[Date Prev][Date Next][Thread Prev][Thread Next][Date Index][Thread Index]

Re: [Condor-users] Job dependency spec for condor_submit?



Hi Michael,

On Wed, Jan 26, 2011 at 5:05 PM, Michael Hanke <michael.hanke@xxxxxxxxx> wrote:
One common pattern in these tools is the specification of job
dependencies via "qsub -hold_jid". Is there a way to 'emulate' this with
Condor? Patching these tools to write a DAGMAN compatible job
description would be a fairly big task, maybe even impossible, and
definitely no fun. They are designed to submit one task at a time --
clearly with SGE's workflow in mind.

So -hold_jid, as I understand it, sets up a parent-child relationship for the submitted job -- it becomes a child job of a list jobs supplied via the -hold_jid option. And the submitted job, the child, won't run until all the parent jobs are completed.

Have I got that correct?

So the short answer is: no, there's no way to build a parent-child relationship for jobs in Condor, dynamically, without using DAGMan.

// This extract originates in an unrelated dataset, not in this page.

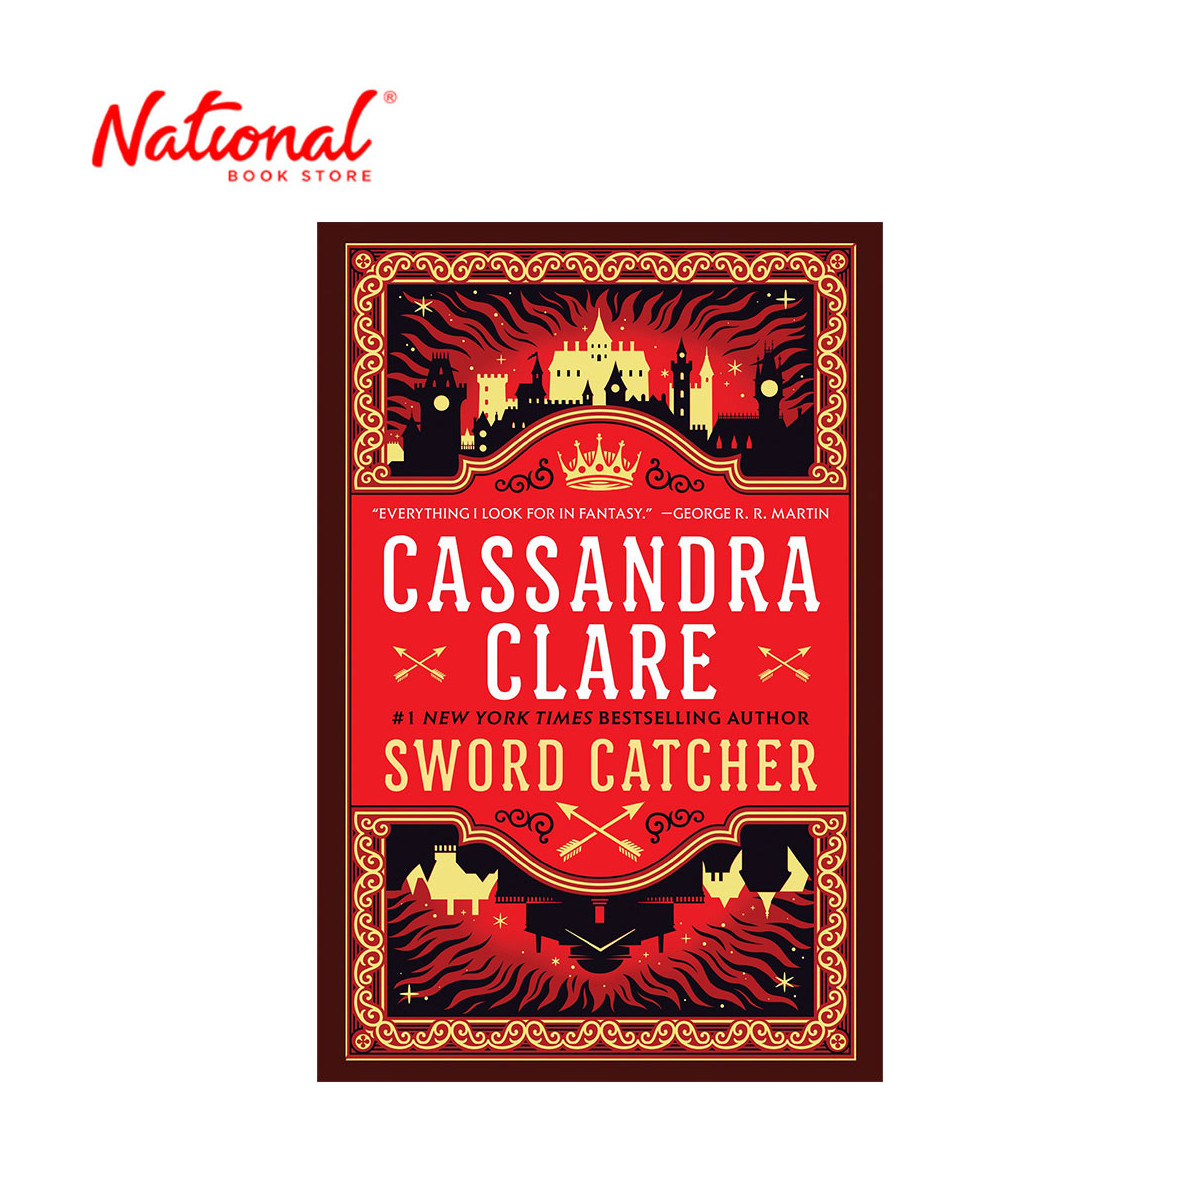 Sword Catcher by Cassandra Clare - Trade Paperback - Sci-Fi, Fantasy & Horror

You could possibly do this with an external-to-Condor process though.

If you were to submit all jobs held (hold=True in your submit ticket) and you were to put a custom attribute in your submit ticket that is a comma-separated list of <clusterid>.<jobid> (or whatever you like) jobs to make the parent of your submitted job, you could write an external process that scans your scheduler queue and releases held jobs when all the jobs in it's parent job list are done (either leave the queue or are in the C state in the queue).

Not easy, but not impossible.

You have to work around the fact that Condor does clustered submissions (so do you support cluster IDs in the parent job list, or do you require a cluster.job for parents in the list).

The only other gotcha I can think of is submitting one job at a time can be detrimental to the health and throughput capabilities of a scheduler. There are performance benefits to gathering up like jobs in to a single cluster submission in Condor. So if you're looking to scale this up, you'll have to address this issue.

Regards,
- Ian